I came across an interesting bug when using S3 (th...
# dev-metaflow
e
I came across an interesting bug when using S3 (the actual one, not Minio) in a local k8s setup. When we specified the S3 bucket via the Metaflow config variables (specifically
METAFLOW_DEFAULT_DATASTORE
and
METAFLOW_DATASTORE_SYSROOT_S3
), Boto3 defaulted to using
us-east-1
when the bucket region was
us-west-2
. We isolated it down to Boto3 and not Metaflow by shelling into a worker pod and running these commands:
Copy code
>>> import boto3, os
>>> boto3.client("s3").download_file("our-bucket--usw2-az1--x-s3", "metaflow/OurFlow/data/4e/4ef8def1d5cc6f655cd71109ee45ef2d6be4f55c", "job.tar")
...
  File "/usr/local/lib/python3.9/site-packages/botocore/httpsession.py", line 493, in send
    raise EndpointConnectionError(endpoint_url=request.url, error=e)

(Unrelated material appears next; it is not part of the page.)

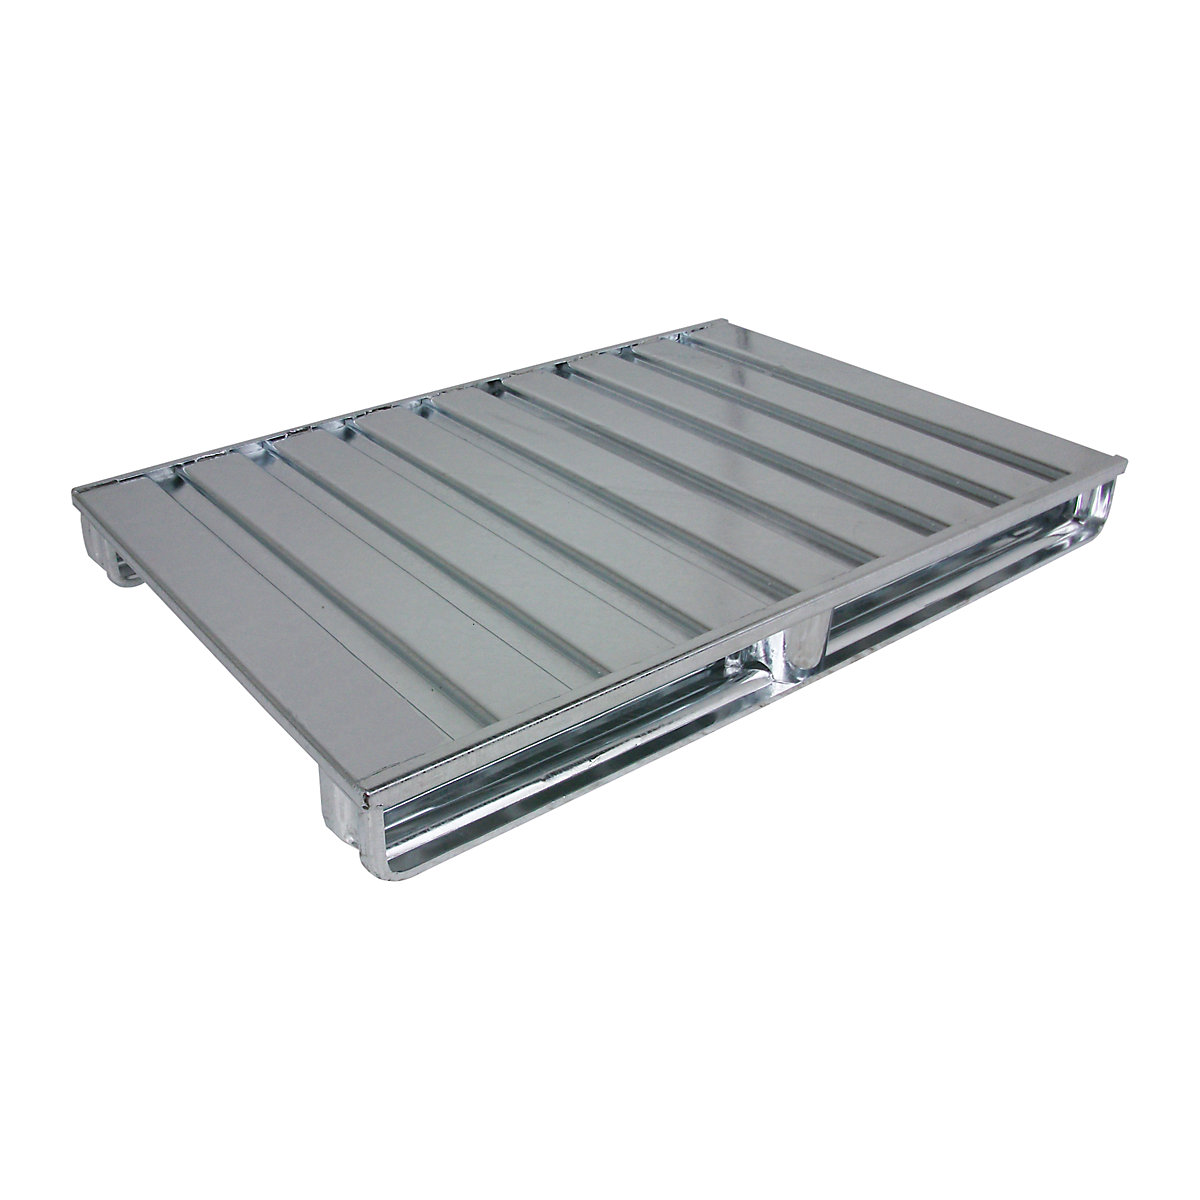 Palet plano de acero – Heson, L x A 1200 x 800 mm, carga máx. 2000 kg, galvanizado-2

botocore.exceptions.EndpointConnectionError: Could not connect to the endpoint URL: "<https://our-bucket--usw2-az1--x-s3.s3express-usw2-az1.us-east-1.amazonaws.com/?session>"
Notice that
METAFLOW_S3_ENDPOINT_URL
is not set or used in the
boto3
invocation. We're also using an S3 Express directory bucket, not sure if that changes things. It looks like
boto3
defaults to
us-east-1
when a region is not set, cf. https://github.com/boto/boto3-legacy/blob/b3091c5c3062c5a8ddd19926069d069cb6957dae/boto3/core/constants.py#L13. Is it desirable for Metaflow to provide some way to set this region?
METAFLOW_S3_ENDPOINT_URL
could work, but that seems clunky to me. Thoughts?
1
FWIW, using a normal S3 bucket instead of S3 Express solved this!
h
Should work if you set
AWS_DEFAULT_REGION
. Did you try that?
e
Should I set it in the Metaflow config? Would it get passed down to the pod making the request?
h
it's just a normal environment variable (not a metaflow config)
e
Gotcha, makes sense! I guess I’m unsure how to get it in the pod given that pods are created by Metaflow
h
are you using the kubernetes decorator? i think you can do
Copy code
@kubernetes(env={"MY_VAR": "some_value", "OTHER_VAR": "123"})
if not, then
@environment
would do it: https://docs.outerbounds.com/set-env-vars-with-decorator/
e
Oh nice! I need to check the Outerbounds docs :P thanks for the help!